- Information shown

+ + + + + + +

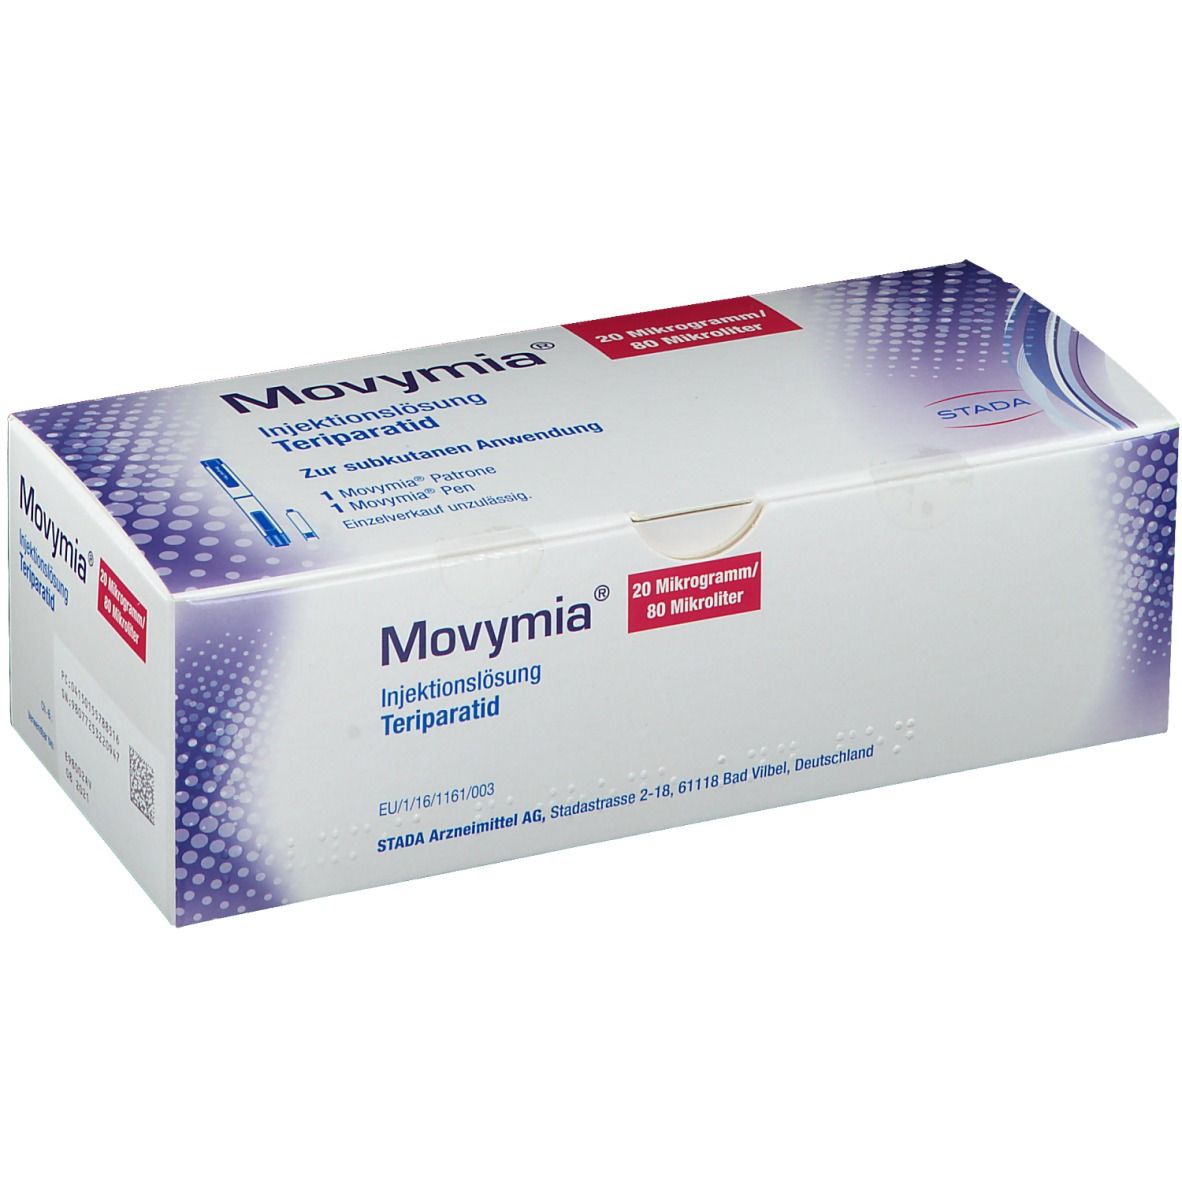 Movymia® Pen und 20 µg/80 µl Injektionslösung
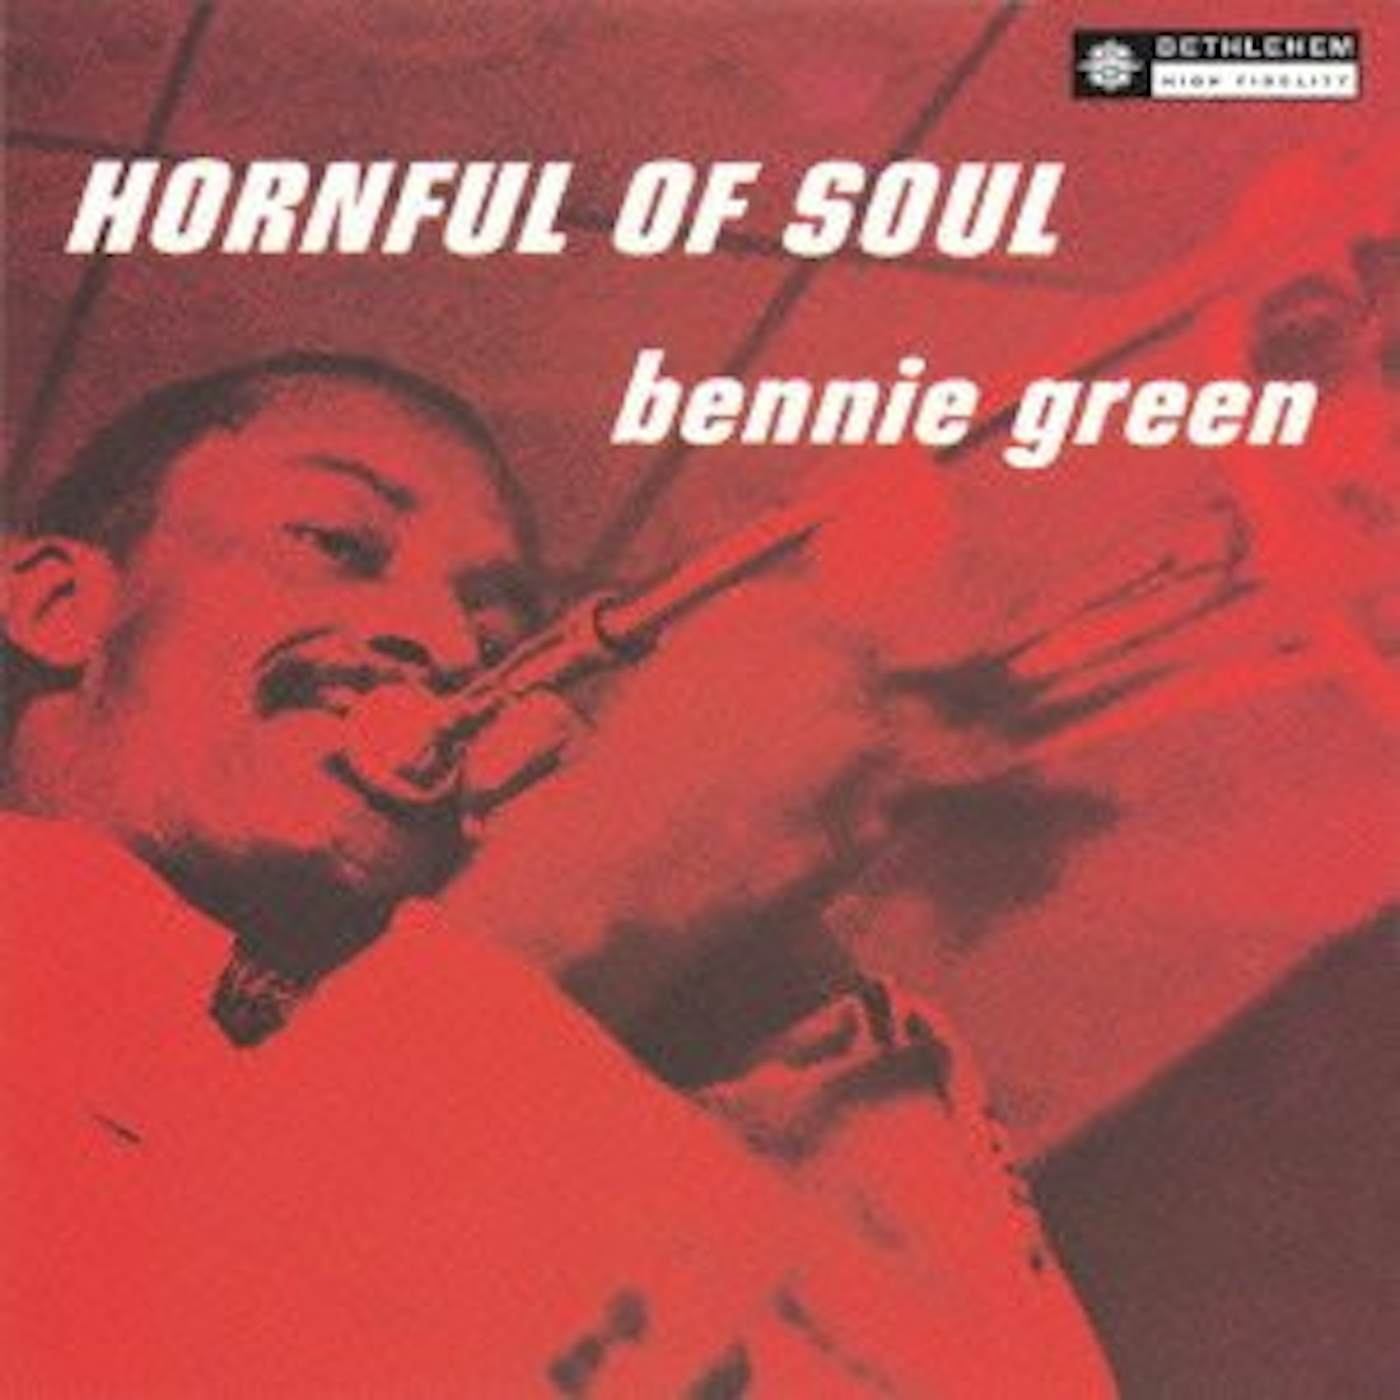 Benny Green HORNFUL OF SOUL CD
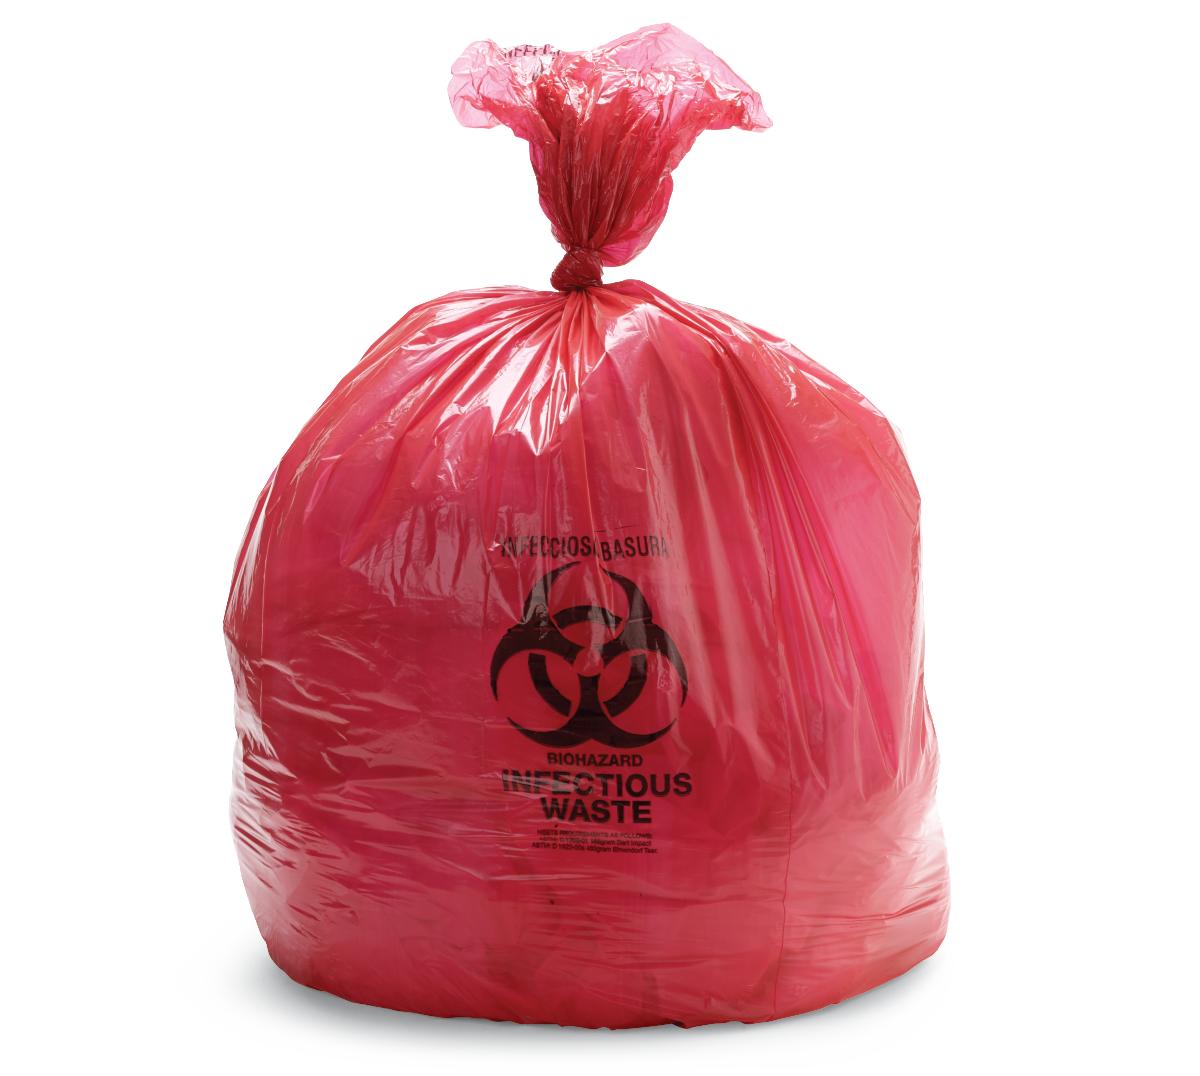 500 Each-Case / Red / Polyethylene Housekeeping - MEDLINE - Wasatch Medical Supply

+ + + + + + +

- Exercise directions
Skipping the pictures, transcribe each line above exactly as it appears.

- Solution to this task
 Movymia® Pen und 20 µg/80 µl Injektionslösung
 Benny Green HORNFUL OF SOUL CD
 500 Each-Case / Red / Polyethylene Housekeeping - MEDLINE - Wasatch Medical Supply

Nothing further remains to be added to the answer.